54 April 9, 2008

In my last column, I told you that I would discuss some of the organic ways to control weeds and insects in your lawn.

Let’s start the discussion with an organic way to control crabgrass. For many years, there was not an effective way to organically control crabgrass. In the last 8 years or so, many people have found out about using corn gluten. Corn gluten prevents the crabgrass seed from getting their roots established in the soil. It can also work to control other lawn weeds that may grow from seed. The only drawback to using corn gluten is that it will also prevent grass seed from getting established in your lawn. However, unlike the conventional chemical crabgrass control method where you need to wait about 14 weeks before you can re-seed, corn gluten allows you to re-seed in about 6 weeks. To control crabgrass, the corn gluten is applied before the crabgrass is set to germinate. This would be roughly before the forsythia drop their flowers. The soil temperature that causes the forsythia to drop flowers is about the same temperature that causes the crabgrass seed to sprout.
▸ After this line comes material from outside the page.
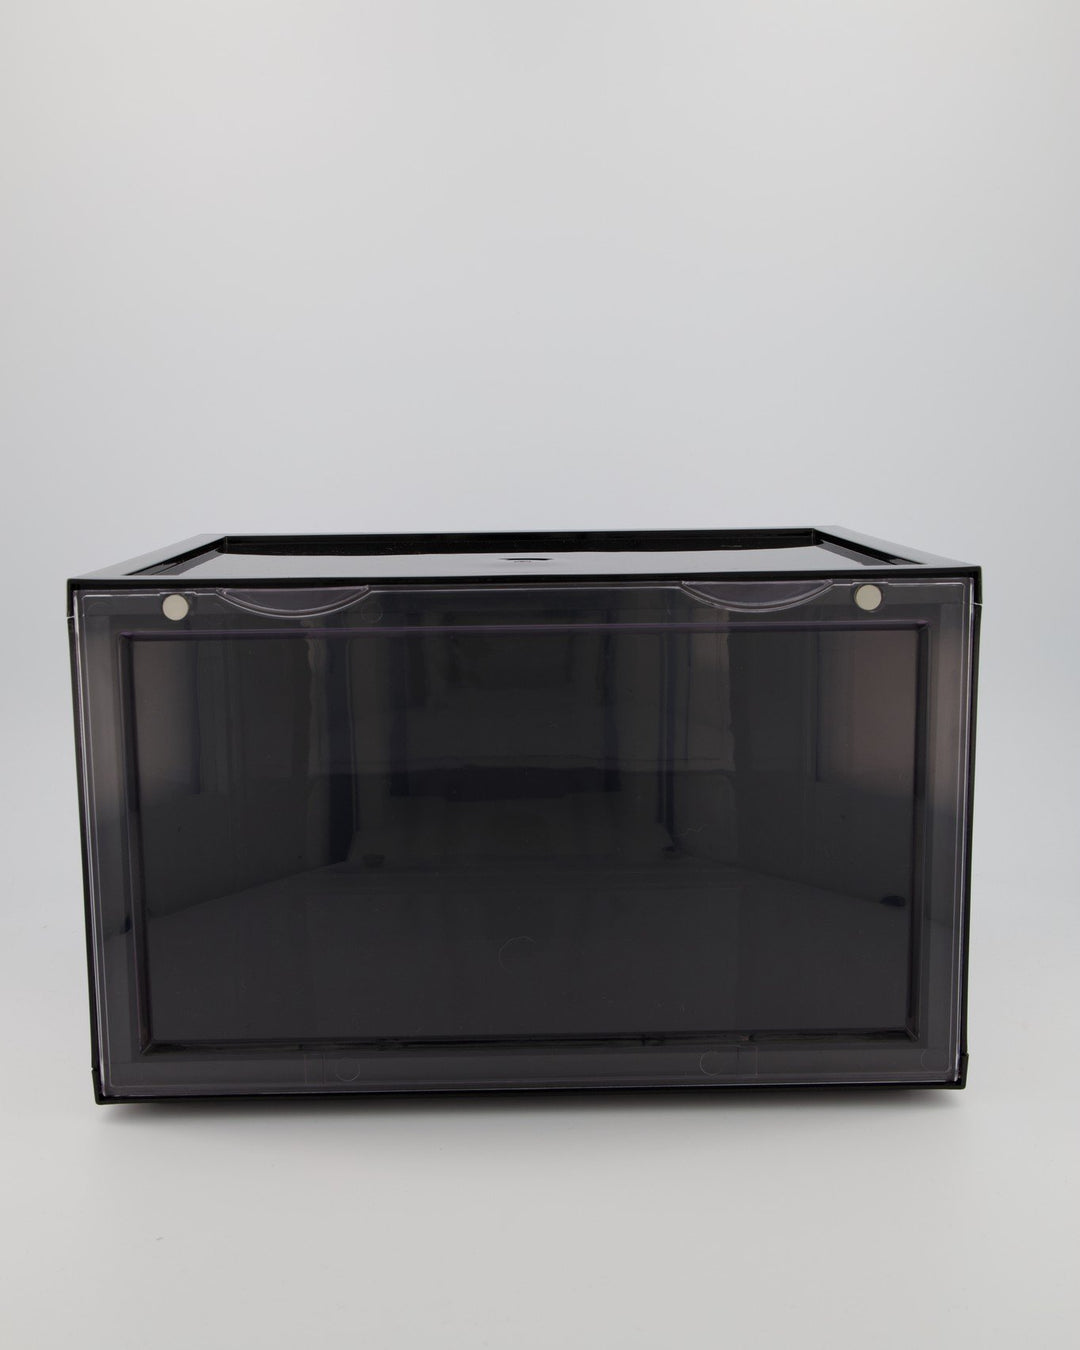 CT Sneaker Box Side Drop Display (2 Boxes) - Black

Controlling broadleaf weeds in your lawn is a bit more difficult. Most of the organic weed killers that work on broadleaf weeds are non selective. This means that the weed killer will kill any leaf that it comes in contact with when it is applied to your lawn. This would include your grass. This means that when you apply broadleaf weed controls that are organic, you must be careful not to spray it on your grass. The organic broadleaf weed controls also, for the most part, only kill the leafy part of the weed. The weed can re-grow from the root system. It usually takes repeated applications of an organic broadleaf weed killer to finally kill off the weed.

There can also be times where you want to organically control insects in your lawn. Neem oil is a good alternative to control chewing and sucking insects that attack your lawn. Neem can also be used to control Japanese Beetle grubs. The spray is mixed with water and applied to your lawn and then watered into the lawn so that it comes in contact with the grubs.
There is also a long term control that kills beetle grubs. The product is called Milky Spore. The Milky Spore is applied to the soil and then watered into the soil. As the beetle grubs come into contact with the spores, they become infected and soon die from the bacterial disease. As the grub dies, they release more spores into the soil, spreading the spores over a larger and larger area. It does take a few years for the spores to spread over the entire lawn. Once the spores are in the soil, you can have control for up to 20 years.

While we are on the subject of organic lawn weed and insect control, let’s take a few sentences to talk about organic lawn fertilizer. Over the past few years, I have seen an increased interest among customers for using organic fertilizers on their lawns. Along with organically feeding the lawn, the breakdown of the organic fertilizer also releases organic material into the soil. This helps to build up the organic matter in your lawn. The increase in organic matter in the lawn means that your soil will hold moisture better and the actual nutrients will stay in the soil longer. A win- win situation for those folks who don’t have a lot of organic matter in their soil. The increase in organic matter is not an overnight thing. It will take years of applying organic fertilizers to make a big difference in the organic composition of the soil. But hey, you have to start some time.